(Action item): Without omitting anything, write out the listing below precisely.

(Collected material):
+---+

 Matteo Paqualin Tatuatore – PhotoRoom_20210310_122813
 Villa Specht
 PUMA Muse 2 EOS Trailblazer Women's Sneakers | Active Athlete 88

+---+

(Expected answer):
 Matteo Paqualin Tatuatore – PhotoRoom_20210310_122813
 Villa Specht
 PUMA Muse 2 EOS Trailblazer Women's Sneakers | Active Athlete 88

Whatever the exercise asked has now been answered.